I dont wanna be the only one who remembers him.
These pictures were taken over the years I had him. The last photo is from when i first took him home. His name was Tito, and he was once a little kitty hanging around my grandparents house and we decided to take him home since all the other strays would bully him. He ended up being my 5th birthday gift in a way. He was my baby for almost 11 years. I never imagined Id end up graduating without him. He was my soul cat. There would be times where hed be a little sick every now and then, but it didnt get bad until his last couple months of life. He kept losing appetite no matter how many times we switched his food or how many expensive, healthier brands we bought. We couldnt give him scraps because they had started to make him sick. His nose went from its cute little pink color to a sick yellow. One of his fangs fell out because our family was unaware that animals needed dental care too since we came from a third world country where it wouldve sounded ridiculous if you told us pets needed to brush their teeth too. He started to pee in random places and sometimes meow in pain when he did. We didn't even have the money to check what was wrong with him with whatever machines you use to check that. One day we just took him to the vet to see what was wrong and i came back that same day with nothing but an empty blanket full of his fur. The vet said there was a possibility of some sort of kidney disease but that maybe he couldve had a chance with treatment, but we couldnt afford to do that for him.

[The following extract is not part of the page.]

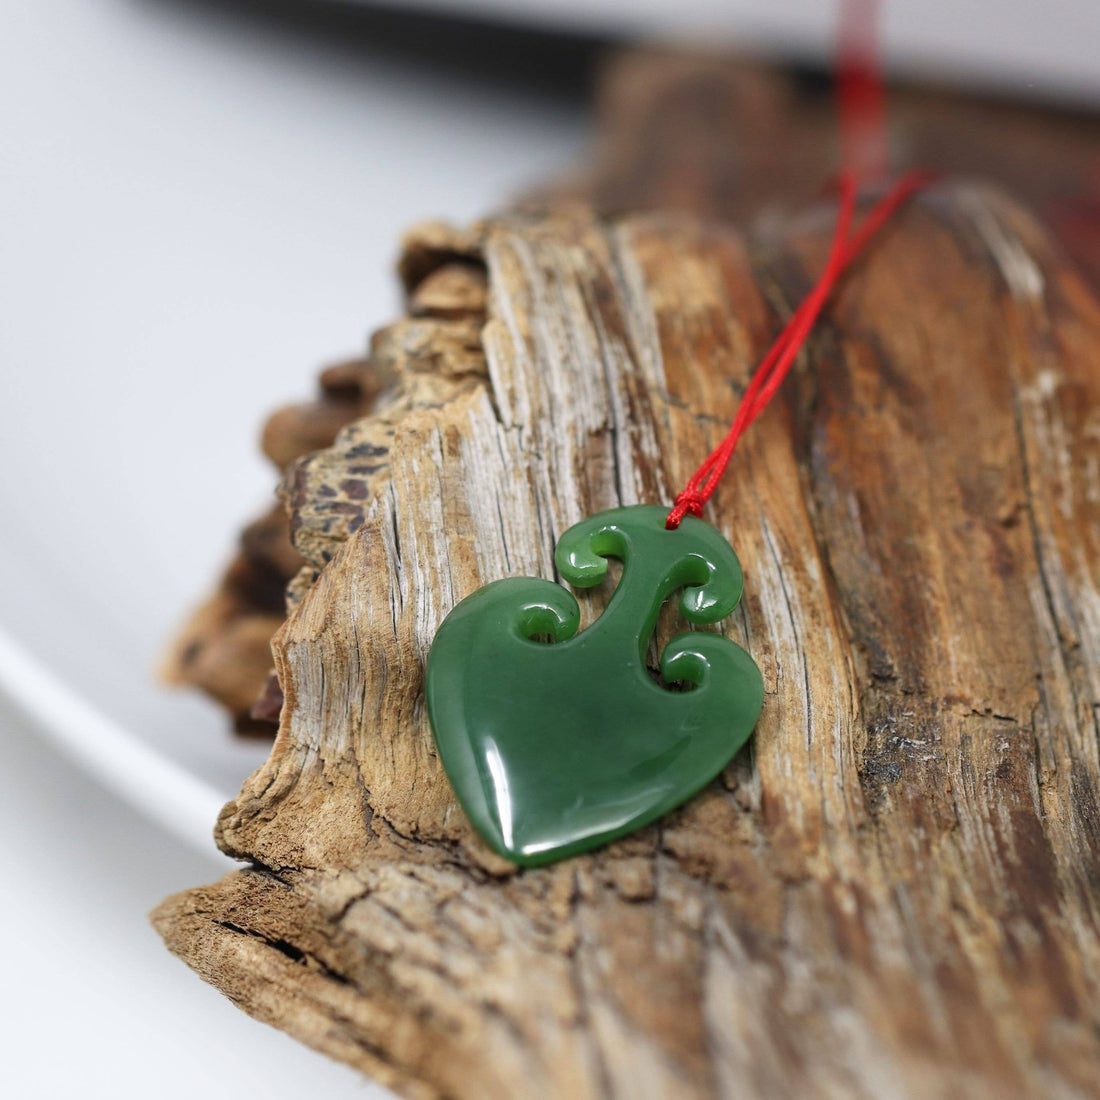 Baikalla Jewelry Baikalla™ "Lucky Jade Anchor" Green Jade Pendant Necklace
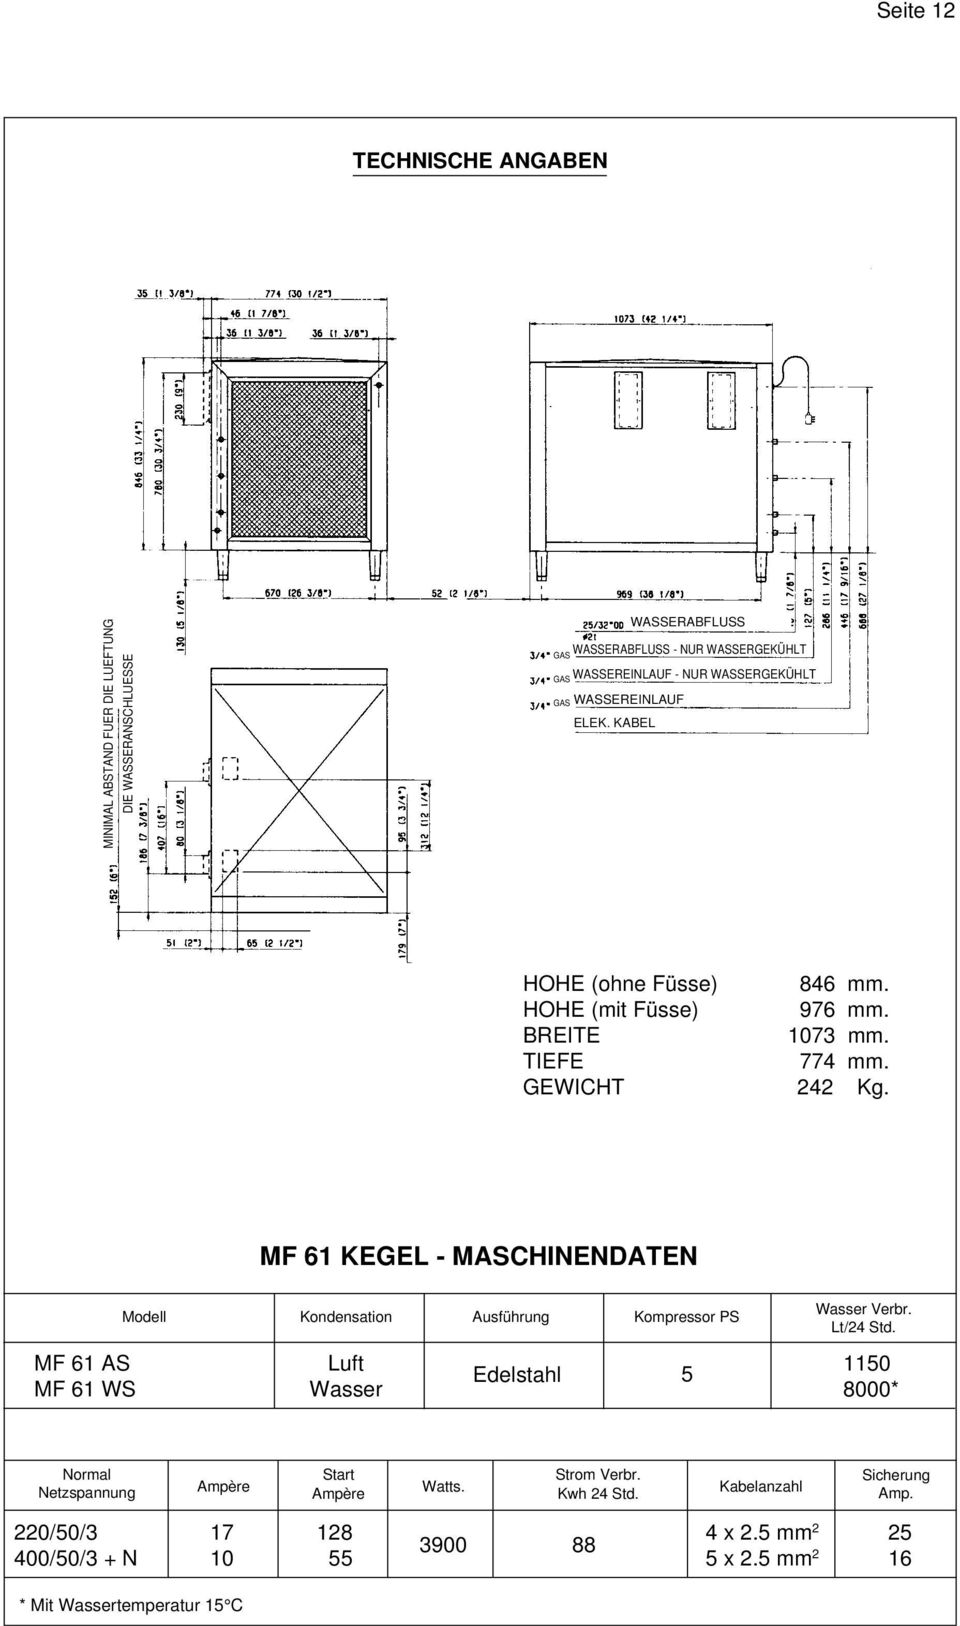 MF 61 KEGEL - MASCHINENDATEN Modell Kondensation Ausführung Kompressor PS Wasser Verbr. Lt/24 Std.

They asked me if I wanted to be in the room while they put him to sleep and i said no because my dad told me it would suck for my last memory of him to be that bad. I listened because i didnt know if i could bear seeing him slowly die in my arms, but i wish i wouldve sucked it up for him. He didnt deserve to be left alone in his last moments, surrounded by strangers. I didnt even choose to keep his ashes or any of his belongings because my parents thought Id keep torturing myself if i had anything of his other than pictures. They were probably right, but I still wish i wouldve kept at least his blanket if not his ashes. He looked so scared when i handed him over to the doctor, my poor baby. I feel sick to my stomach about my decision now. I regret it every single day. I hate myself for not being able to afford anything more expensive than the euthanasia, and for listening to my parents when they told me it was best for me to get rid of his things. Every now and then i still find a hair of his on my old clothes that I havent worn in a while. I just want someone out there to know he existed, and that he was mine.
In all truth, he passed away well over a year ago, itll be two years this august. but i think about him often, more so around this time of year. My only comfort is knowing my sweet baby boy never has to feel pain or starve himself ever again. I know hes napping on the softest cloud in heaven, along with everyone elses soul pets that had to cross the rainbow bridge too.
Rest in peace Tito, you were so, so loved.